Using it from a Lambda

Install:

npm install @chegger/node-obscura-aws-lambda playwright-core

Handler:

const { chromium } = require('playwright-core');
const { startObscura } = require('@chegger/node-obscura-aws-lambda');

exports.handler = async () => {
  const obscura = await startObscura({ stealth: true });
  const browser = await chromium.connectOverCDP(obscura.endpoint);

  try {
    const context = browser.contexts()[0] || (await browser.newContext());
    const page = await context.newPage();
    await page.goto('https://example.com');
    return { title: await page.title() };
  } finally {
    await browser.close();
    await obscura.close();
  }
};

If you bundle the Lambda with aws-cdk-lib/aws-lambda-nodejs, force Docker bundling so the package’s Linux binary gets installed inside a Lambda-shaped environment rather than on your local machine:

const myLambdaFunction = new lambda.NodejsFunction(this, 'MyLambdaFunction', {
  // ...
  runtime: l.Runtime.NODEJS_24_X,
  architecture: l.Architecture.X86_64,
  bundling: {
    forceDockerBundling: true,
    nodeModules: ['@chegger/node-obscura-aws-lambda'],
  },
});

A few practical notes for Lambda:

Use the nodejs24.x runtime, x86_64. The published binary is built for that base image. arm64 is not supported yet.
Bundle the package’s node_modules into your deployment artifact (zip or container) after npm install has run on a Linux x64 host. The binary is downloaded by postinstall and must end up inside the artifact. For CDK NodejsFunction, that usually means setting bundling.forceDockerBundling = true.
Give the function enough memory (1024–2048 MB is a sane starting point) and a timeout that fits your workload.
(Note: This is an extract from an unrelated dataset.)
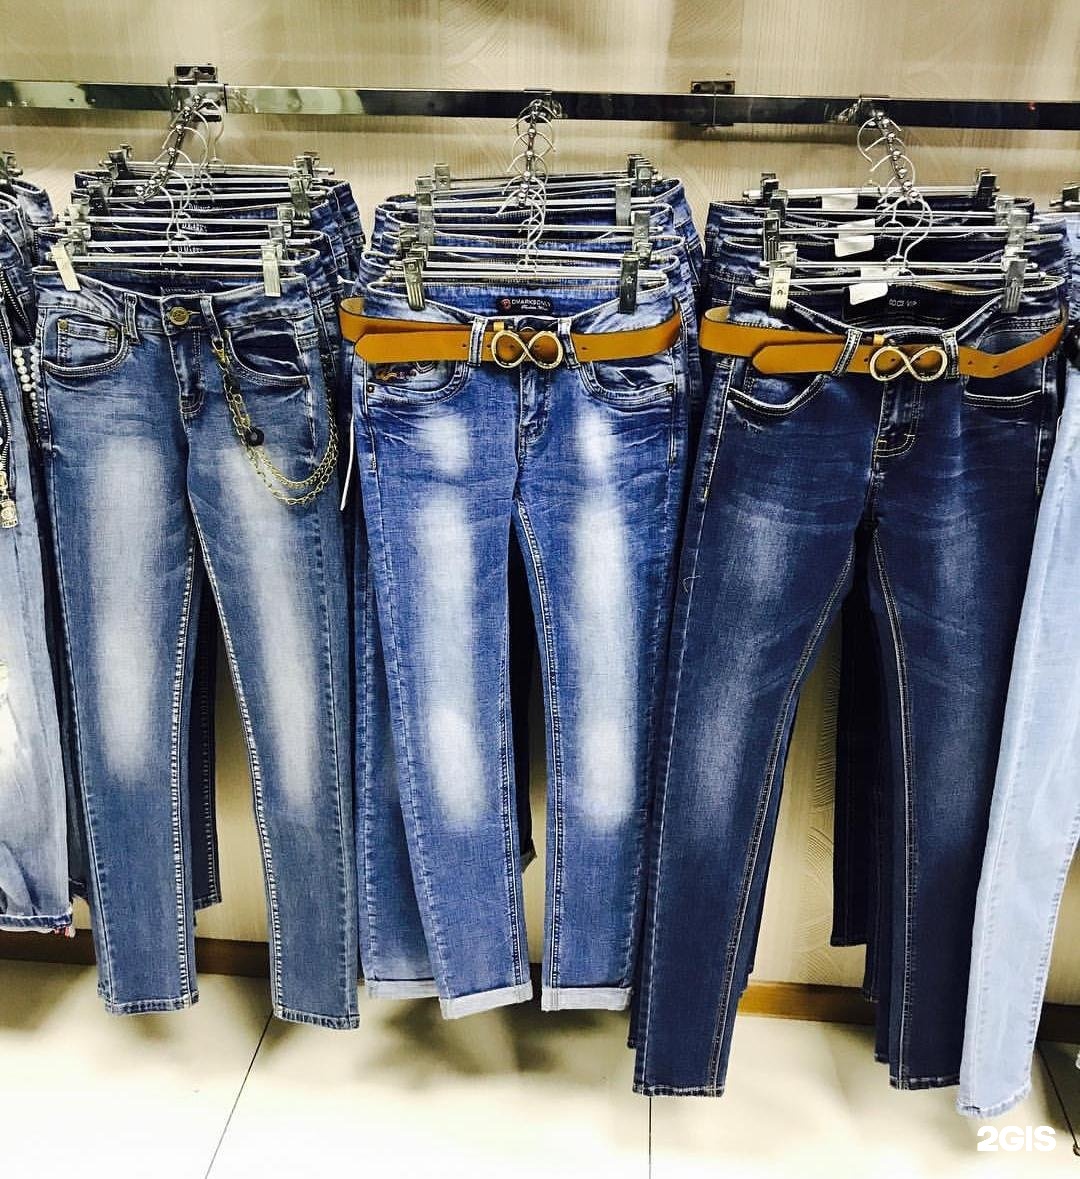 Магазин джинсовой одежды. Ассортимент джинсовой одежды. Магазины недорогой джинсовой одежды. Denim магазин одежды.

Headless browsers are not free.
Cold starts get noticeably better if you keep the startObscura() result around between invocations inside the same container, similar to any other browser-on-Lambda setup.
If your build host has no internet access, set NODE_OBSCURA_AWS_LAMBDA_SKIP_DOWNLOAD=1 during install and supply the binary another way.

Customising it

A few environment variables let you point the build and install at different sources, which is useful if you want to pin a specific upstream Obscura tag or host the binary somewhere private:

OBSCURA_UPSTREAM_REPO, OBSCURA_UPSTREAM_TAG, OBSCURA_CARGO_FEATURES control the build.
OBSCURA_AWS_LAMBDA_RELEASE_TAG and OBSCURA_AWS_LAMBDA_DOWNLOAD_BASE_URL control where postinstall fetches the binary from.

Why publish it

Rebuilding a stealth browser against an old glibc is not interesting work. Doing it once, pinning it to a Lambda-shaped runtime, and publishing both the artifact and a small wrapper means the next person (often a future me) can just npm install and move on.

If you run into issues, please open one on GitHub. Patches that add arm64 support or a precompiled nodejs22.x variant are very welcome.